On opening night, Murphy is no longer nervous. "I've been nervous for two weeks," he says. "Now I'm just numb."

And excited -- he wants to see the crowd's reaction: "I may need to throw it all out and start over, but I think it's a great concept. And if it's not a great play now, it will be in the future."

Murphy pauses, then laughs. "If not, it will be really fucking embarrassing."

After all, his work is finally center stage again -- long after other Colorado bands like the Subdudes and Big Head Todd and the Monsters made it to the bigtime. But he can't help but feel that the Klones helped pave the way for those groups. The Klones played again this past summer in Evergreen. It wasn't one of their better performances, Murphy admits; in fact, it may truly have been the final farewell.

Murphy's ready to move on. He's daring to hope that this play will do well enough that other theater groups will produce it. And if not, he has a half-dozen other ideas he's already started to develop. In the meantime, he's still teaching at the charter school and was recently awarded a 21st Century Learning Grant from the federal government to support such after-school projects as mentoring and teaching theater.

The lights come up on the rock formations, the sound of waves in the background. This time, the joggers enter on cue. And then other characters appear in turn, all wrestling with their own concepts of morality, wondering whether to join the unseen inhabitants of Heaven or remain where they are, which some describe as Hell. The joggers. The "Euro circus" couple. Twelve-year-old boys, one of whom will take the plunge into manhood because he's "got hair" you-know-where. A pregnant young woman struggling with two toddlers. Goth teenagers. Senior citizens. An actress. A cop who discovers his daughter on the beach. An uptight Catholic woman. And "the mad monk of Morgantown" -- Freeman O'Brien, who delivers Shakespeare-sounding soliloquies on the nature of freedom and sex and morality.
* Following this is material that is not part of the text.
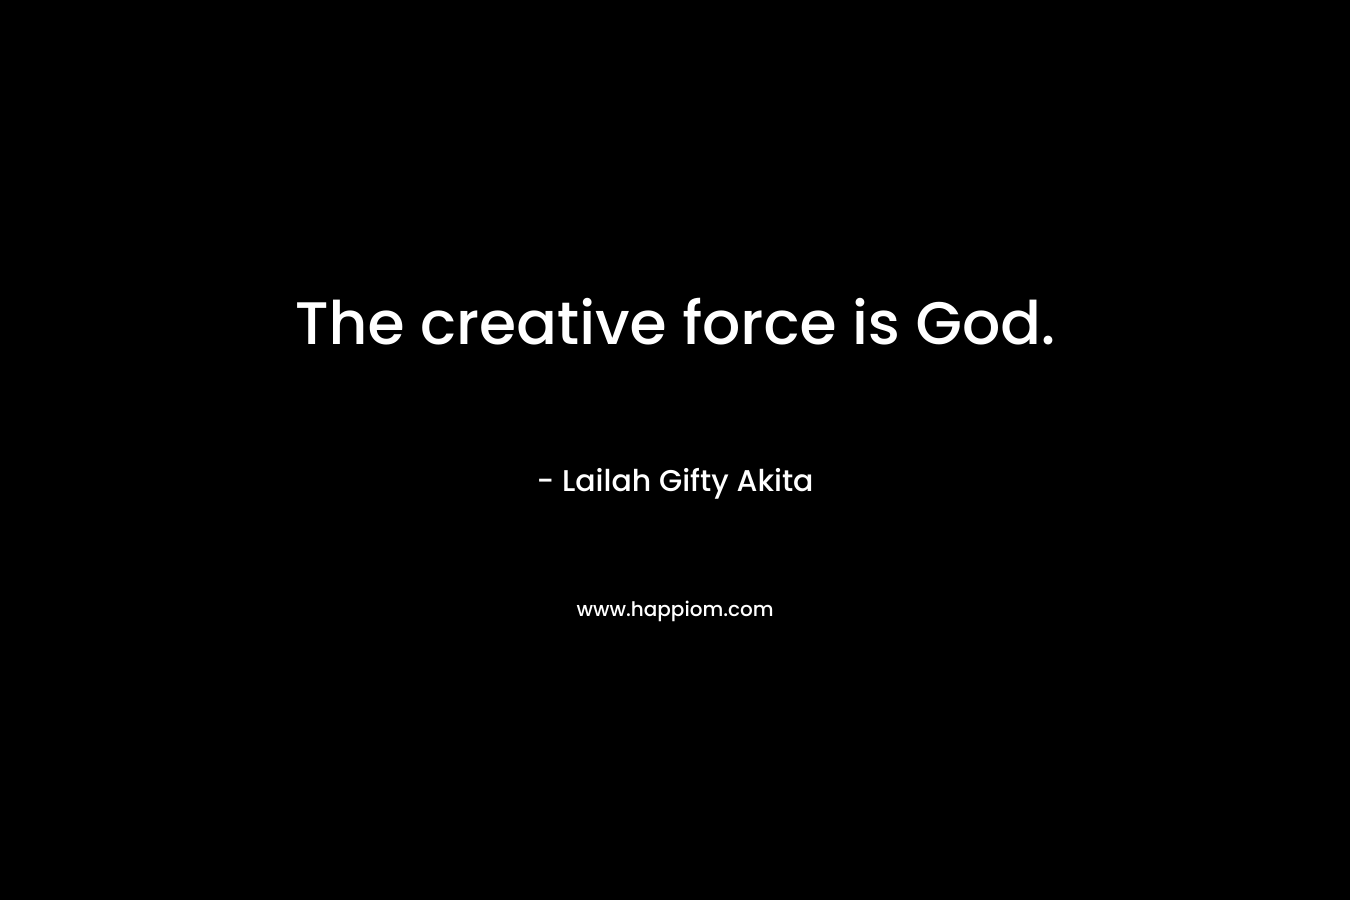 The creative force is God.

Although Heaven's a Nude Beachneeds work -- the speeches are sometimes overlong and overdone -- the humor stands out, and the audience laughs often. One of the crowd-pleasers is a scene in which the young goth girls, who are considering going to the beach, talk with the uptight woman and her more liberal Jewish husband, who disagrees with his wife's demands that the beach be closed because "nudity is sinful in the eyes of God."

"Is it dangerous?" the girls ask when the woman warns them about going any farther.

"Are you Catholic?" the husband asks.

"Your mothers would not want you to go there," the wife sniffs.

"But we're Lutheran," the girls reply.

In the end, the play, which repeats this weekend, rates a standing ovation. And if no one cries "Author, Author," it doesn't really matter. Jimy Murphy is back.